When you transcribe the listing that follows, keep every line exact and skip any picture.

DATA BELOW
________________

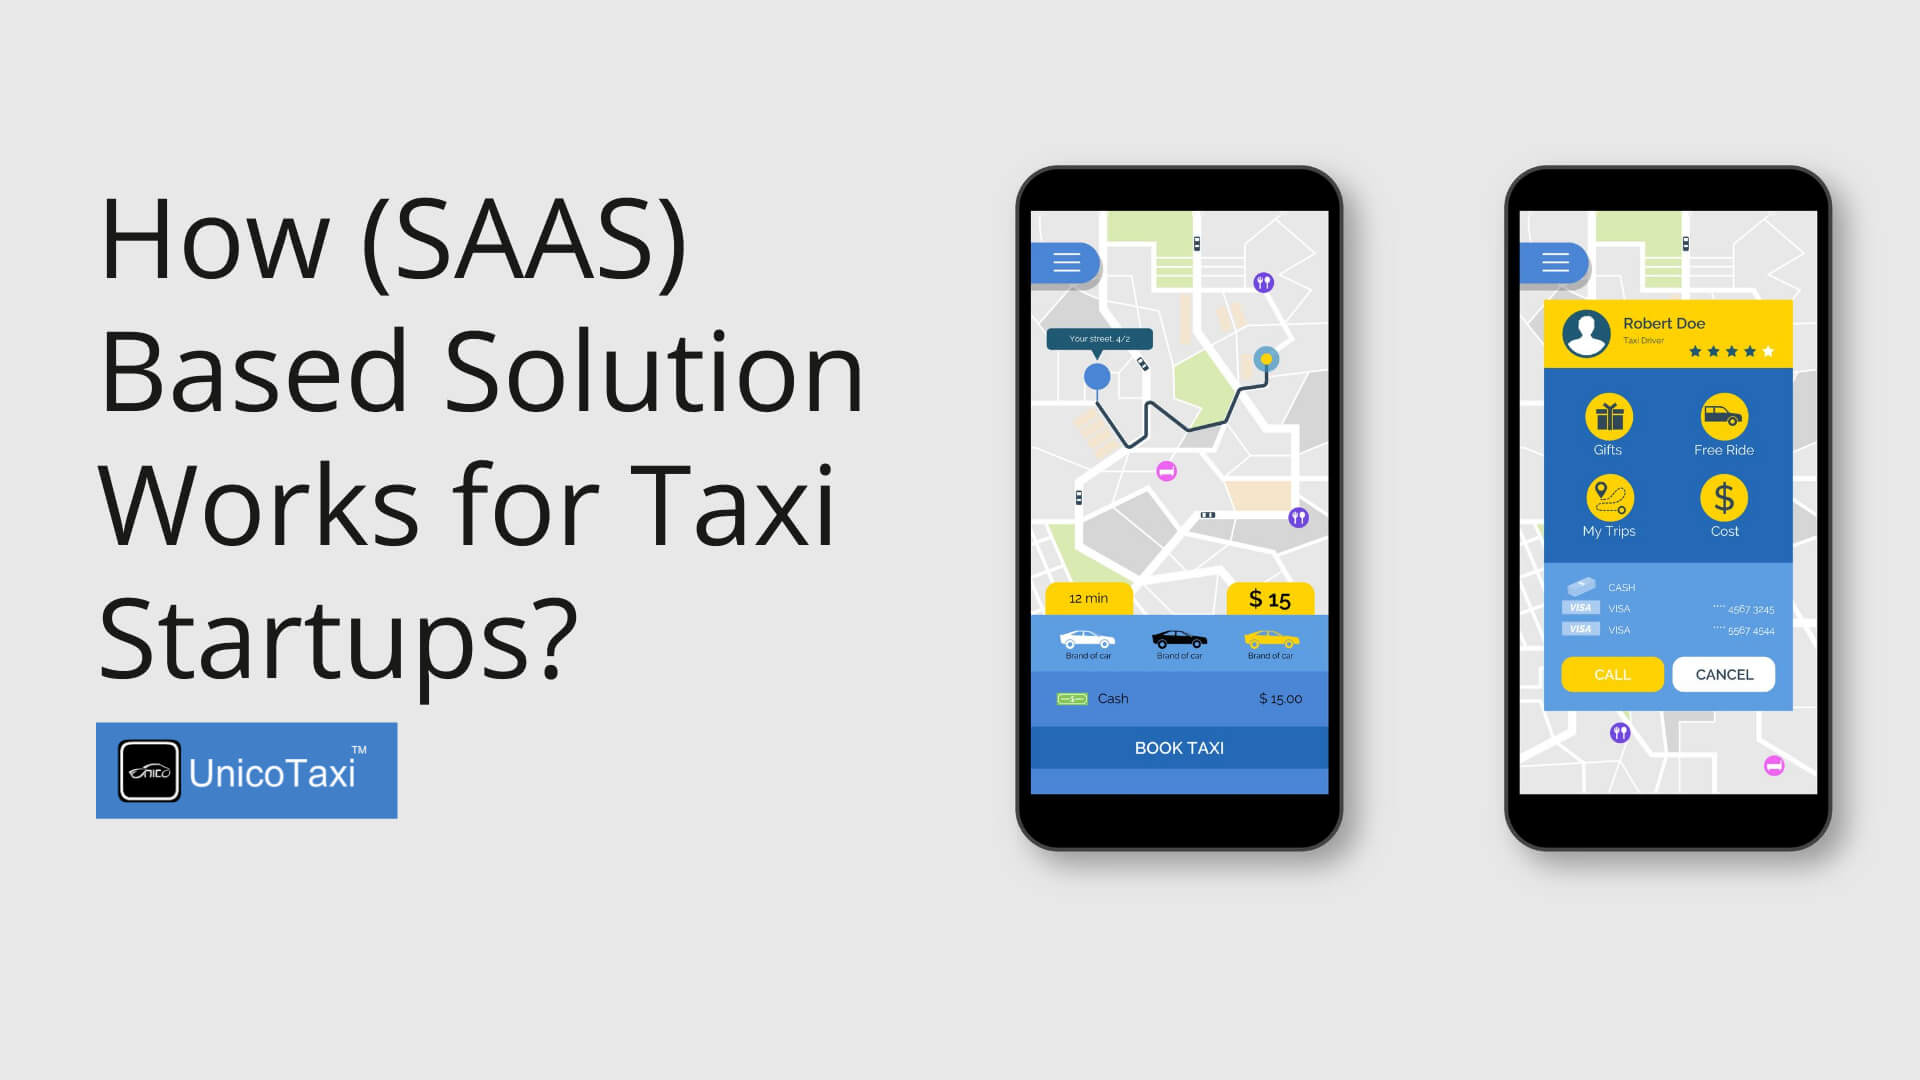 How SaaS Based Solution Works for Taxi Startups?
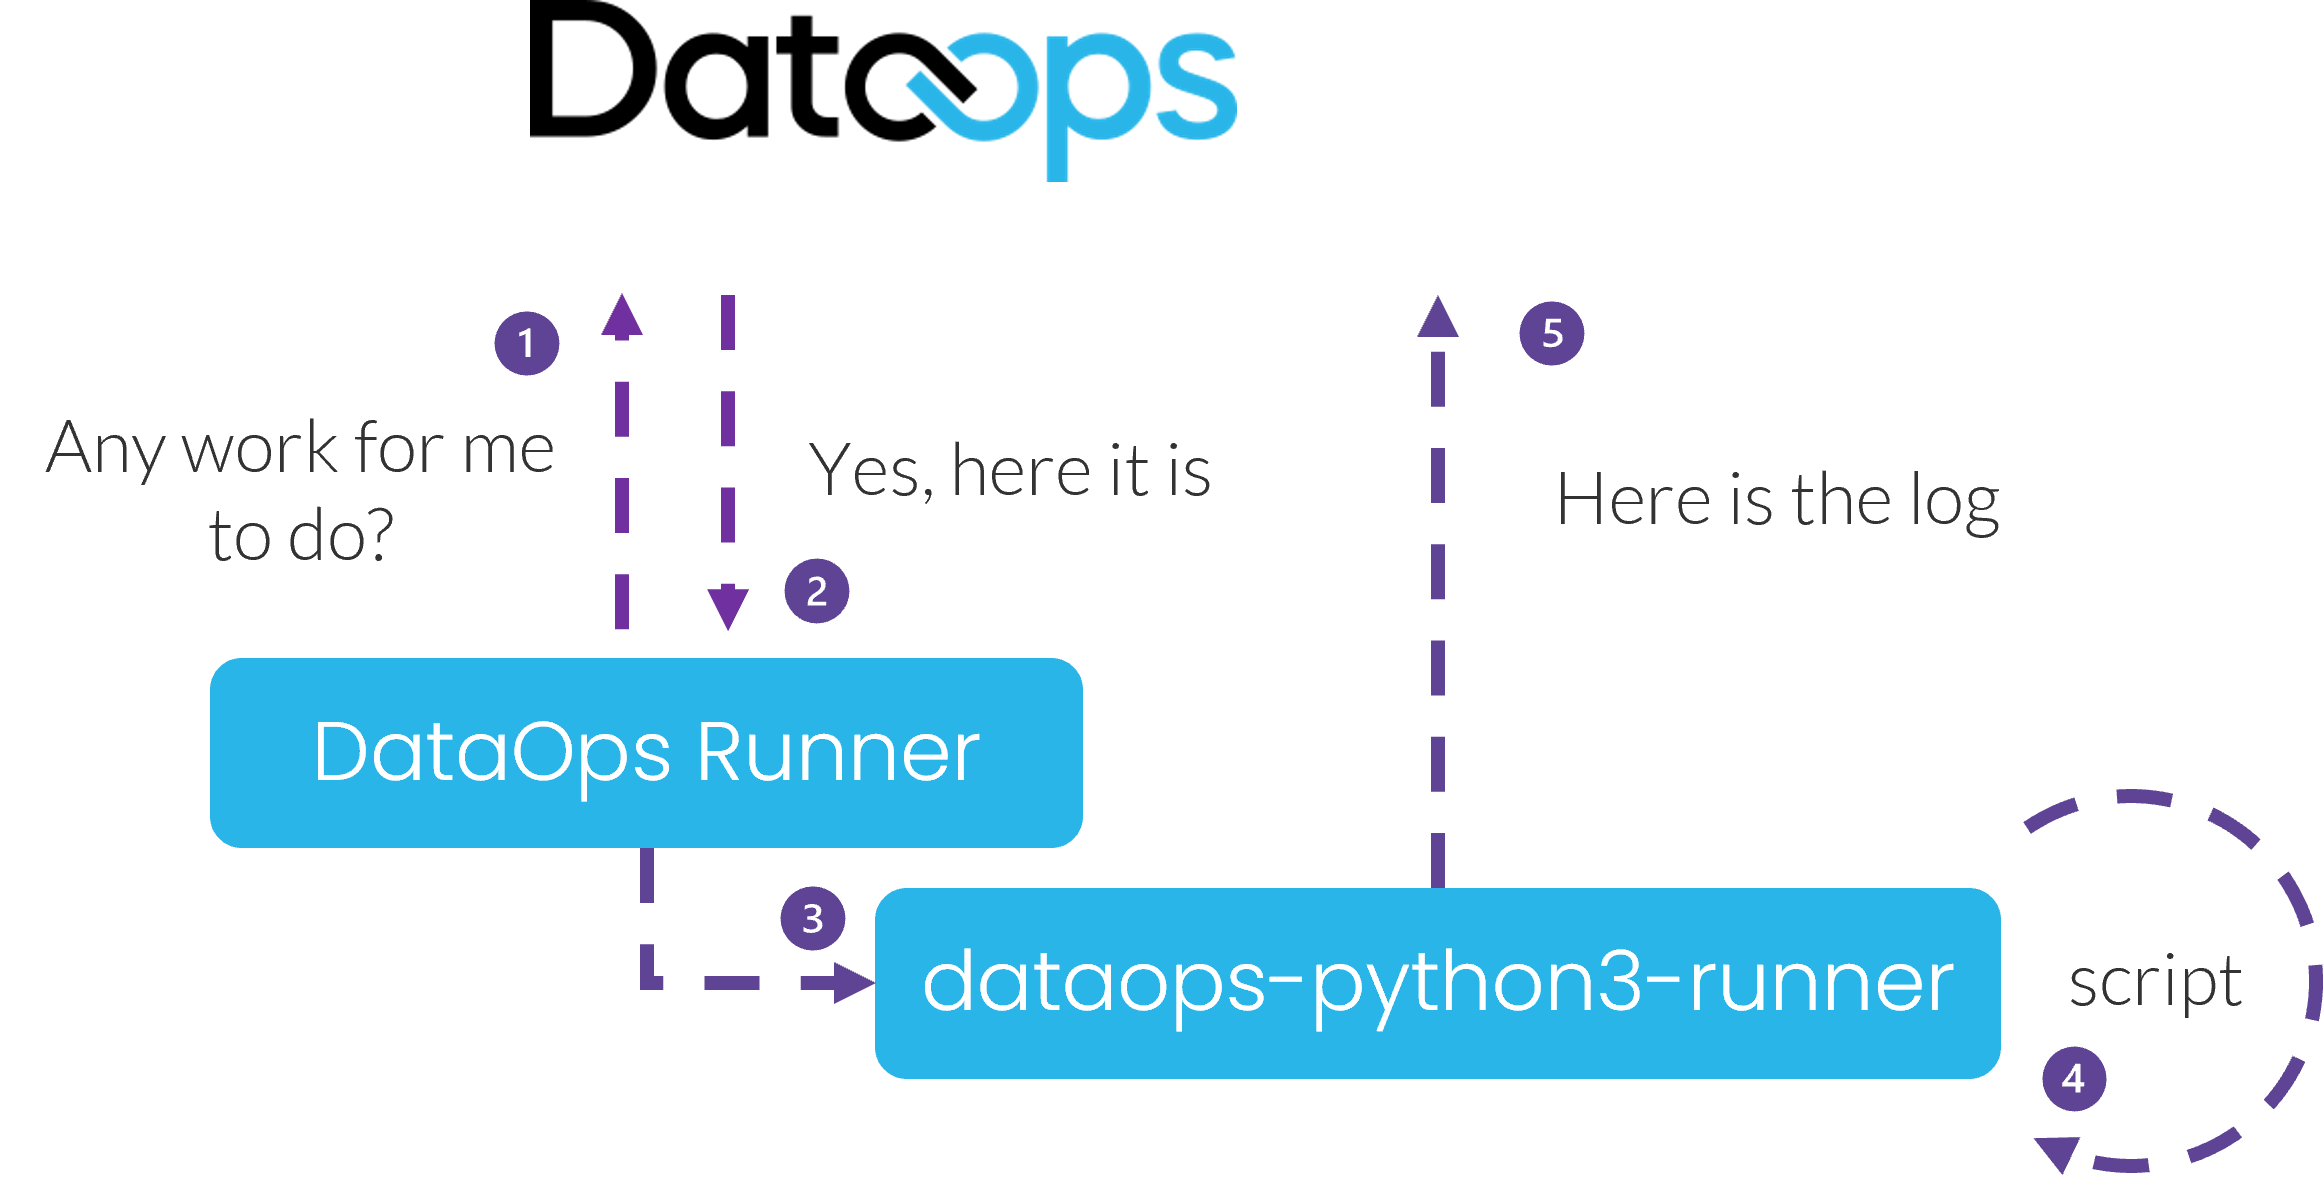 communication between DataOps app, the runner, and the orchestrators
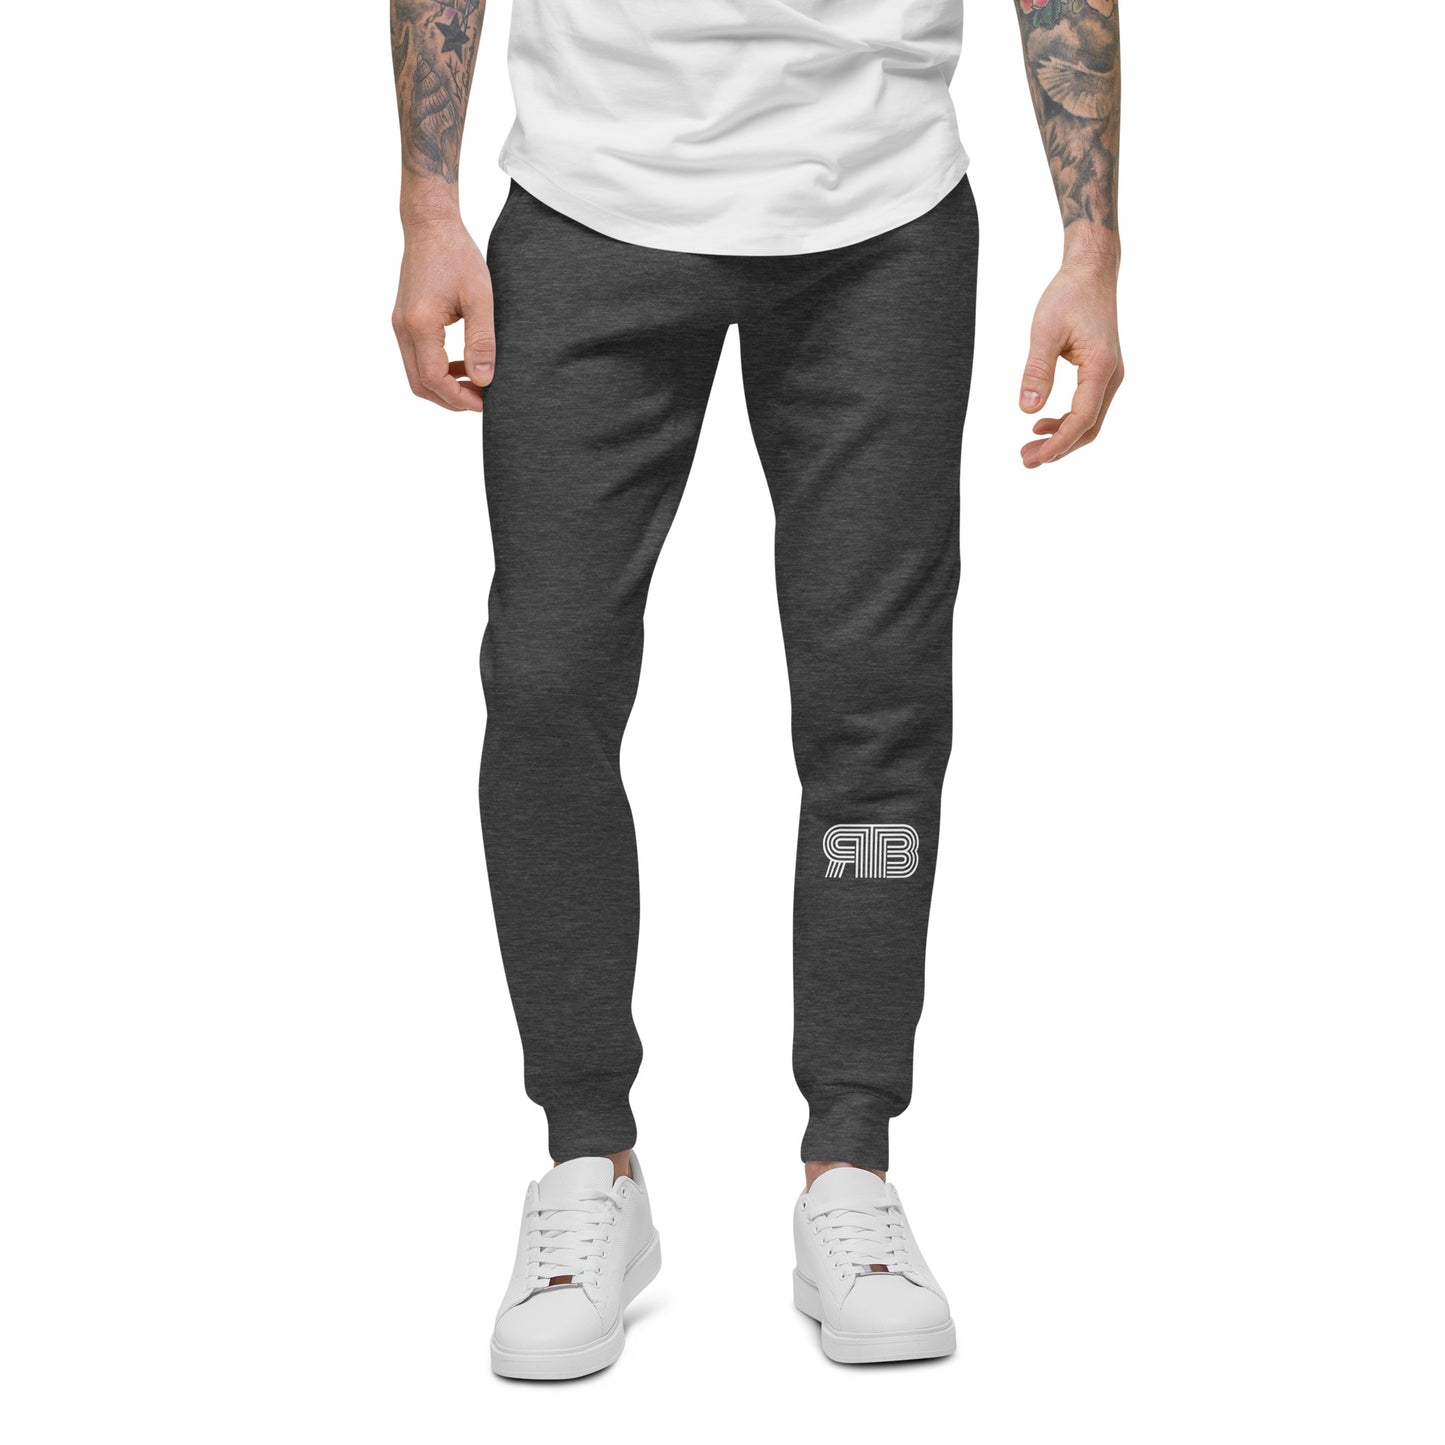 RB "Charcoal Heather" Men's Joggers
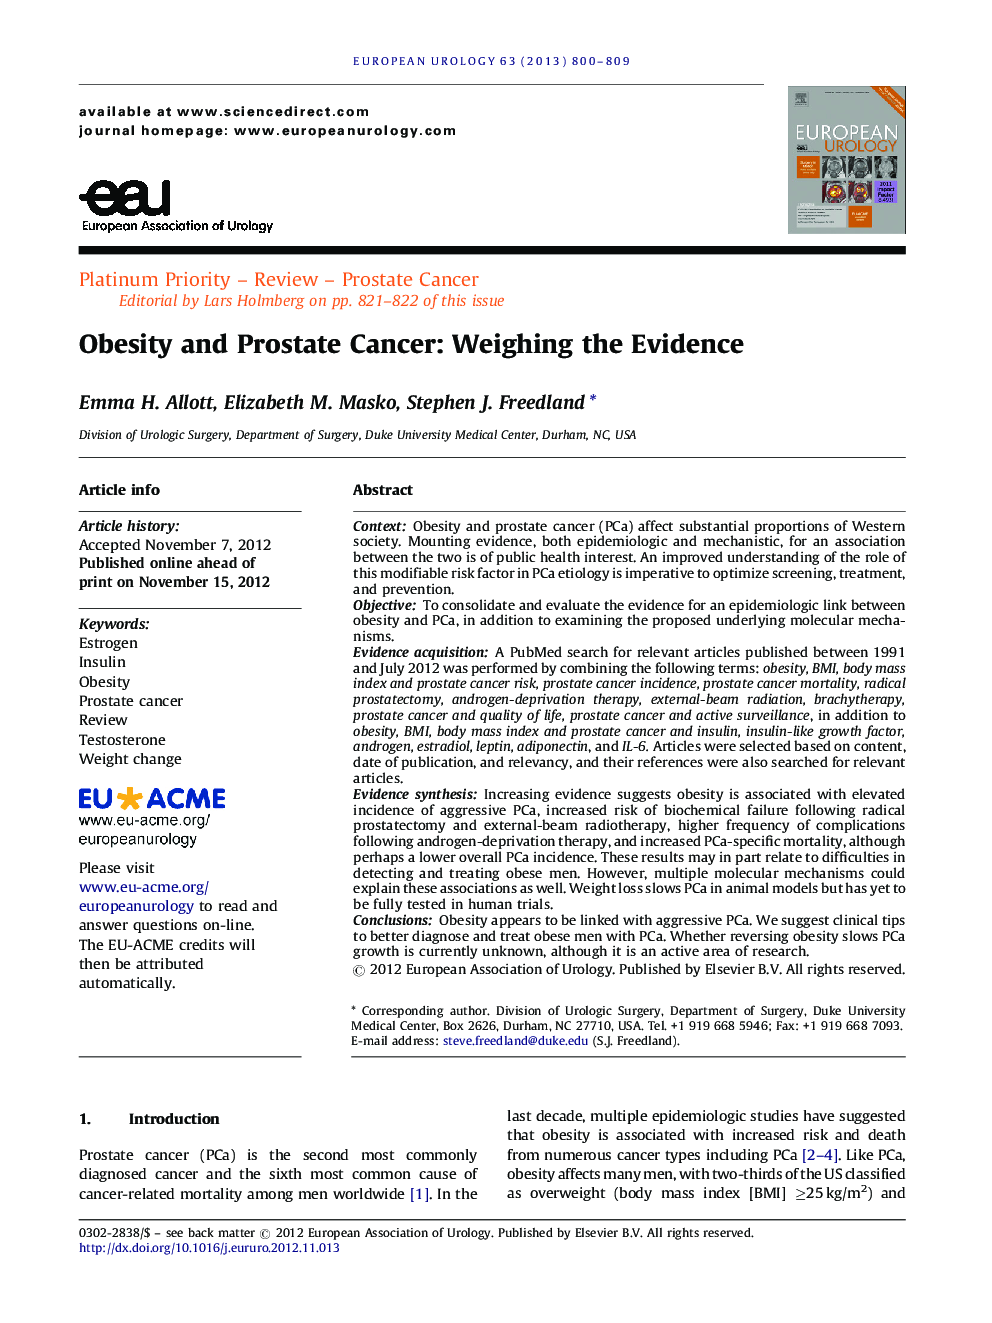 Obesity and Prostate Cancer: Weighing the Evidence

________________

ANSWER TO THE EXERCISE
 How SaaS Based Solution Works for Taxi Startups?
 communication between DataOps app, the runner, and the orchestrators
 RB "Charcoal Heather" Men's Joggers
 Obesity and Prostate Cancer: Weighing the Evidence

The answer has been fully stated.